A Princeton University study released last week found that students who are given an edge in college admissions because they have legacy status perform worse academically than minorities and athletes who are also given preferences.

Princeton Sociology Prof. Douglas Massey, who conducted the study, concluded that the more preference a college gives a legacy applicant – as measured by the gap between that applicant’s high school grade point average and the mean GPA for the institution – the worse that student will perform during their first two years of college, as measured by their GPA.

Massey based his findings on data from the National Longitudinal Survey of Freshmen. The survey includes data from about 3,900 students who entered 28 public and private selective colleges in the fall of 1999.

Massey said although legacy students generally had higher GPAs and lower dropout rates than minority students, they perfformed worse academically than minorities and athletes relative to the preferences they are given in the admissions process.

In 1999, legacy applicants were given bonuses equivalent to about 47 points on the old 1600-point SAT test, the study found. Minority applicants received the equivalent of a 77-point bonus on the SAT and athletes received on average a 108-point bonus.

The study works from the premise that students who were admitted with lower qualifications than the average applicant perform worse in college.

It found that 7 percent of legacy students who were given preferences in the admissions process had dropped out by the end of their junior year. During the same time period, 11 percent of minority students and 5 percent of athletes who were given preferences in the admissions process had dropped out.

But Massey said legacy students drop out of college at a higher rate than minorities or athletes relative to the advantage they are given in the admissions process.

Likewise, Massey said legacy students had higher GPAs than minority students or athletes because they were given less of an advantage in the admissions process.

On average, legacy students had a 3.26 GPA after two years in college. Student athletes had an average GPA of 3.12 and minority students had an average GPA of 3.05 over the same period.

“There is a direct relation between the ease of admission and the average GPA of students at selective universities,” Massey said.

The study said one reason legacy students perform worse relative to the preferences they are given is that colleges do not have specially targeted academic support and counseling services for legacy students like they often do for minorities and athletes.

The study was released during a growing national debate about the practice of affirmative action in public institutions. In November, Michigan voters banned the consideration of race in public college admissions, but giving preference to athletes and legacy students is still allowed.

Massey said the study should make people realize that minorities are not the only subgroup that receives preference in college admissions.

“We do not expect these findings to settle the debate on affirmative action,” Massey said. “We do hope, however, that they enable readers to place the issue of minority affirmative action in a broader context.”

Barmak Nassirian, associate executive director of the American Association of Collegiate Registrars and Admissions Officers, said that many colleges give preferences to the children of alumni because they believe it will encourage those alumni to donate.

The University of Michigan’s published evaluation guidelines say that alumni provide “service and support to the larger University community.”

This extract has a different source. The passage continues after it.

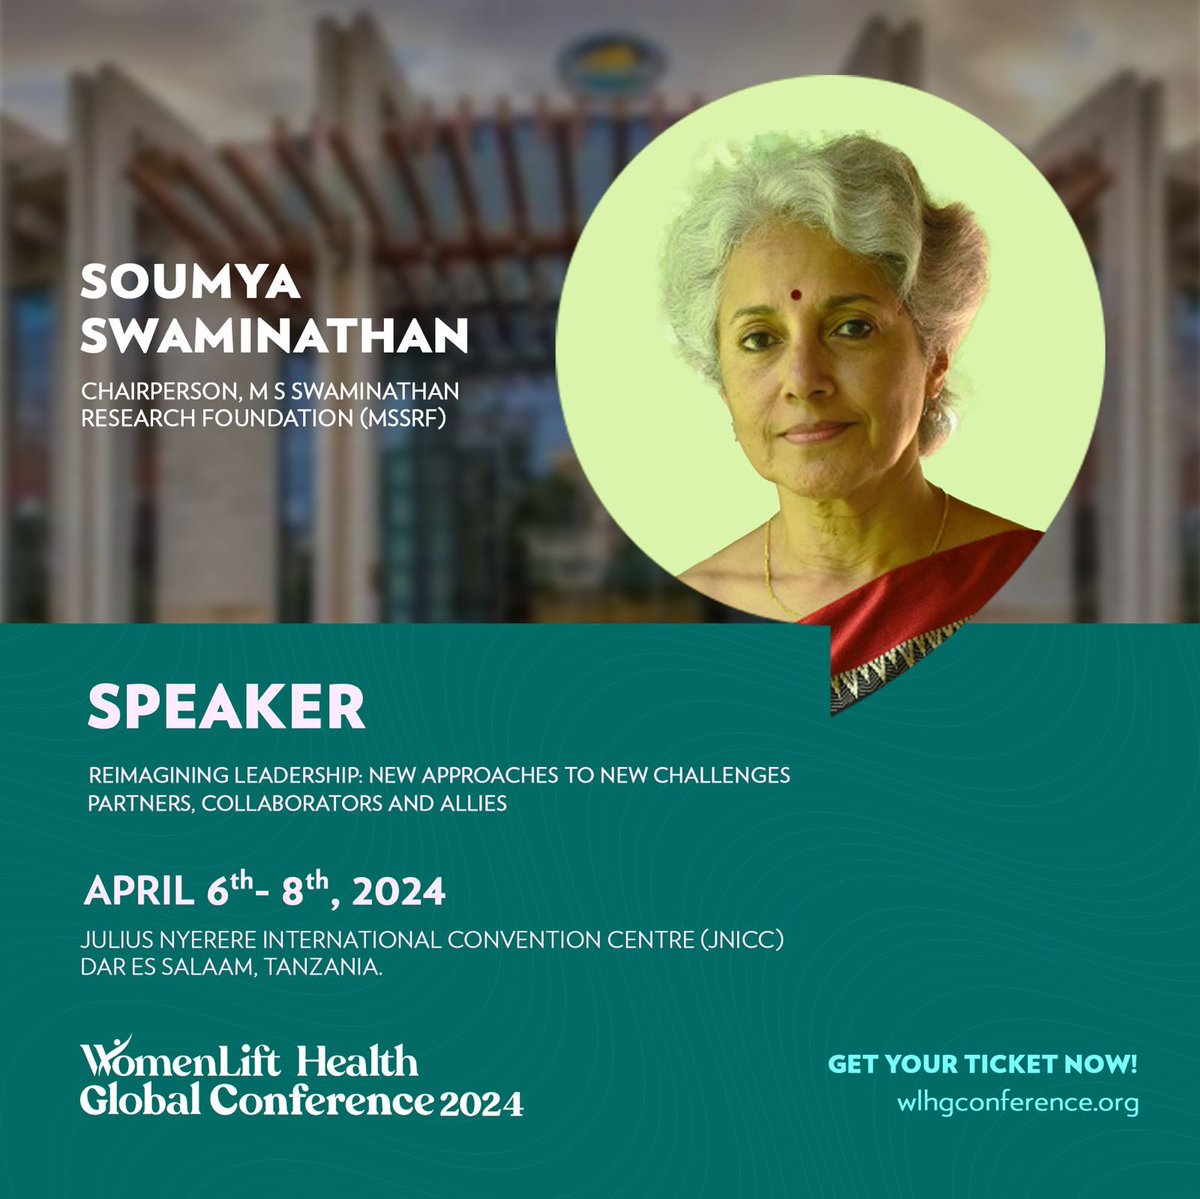 #MeetTheSpeaker Excited to welcome @mssrf Chairperson, @doctorsoumya, to our enlightening discussion on the intersection of climate, health, and gender through the lens of women’s leadership at #WLHGC2024. Dr. Swaminathan will shed light on the pivotal role of women,

As a result, the students related to these alumni should be given “discretionary consideration,” the guidelines say.

Students with parents who graduated from the University are given the strongest consideration, followed by those with grandparents, siblings or spouses who graduated from the University.

Under the old point-based admissions system, which was struck down by the U.S. Supreme Court in 2003, the University gave applicants four points if their parent had graduated from the University. It gave applicants one point if they had a grandparent, spouse or sibling who graduated from the University. Under that system, minority applicants received 20 points.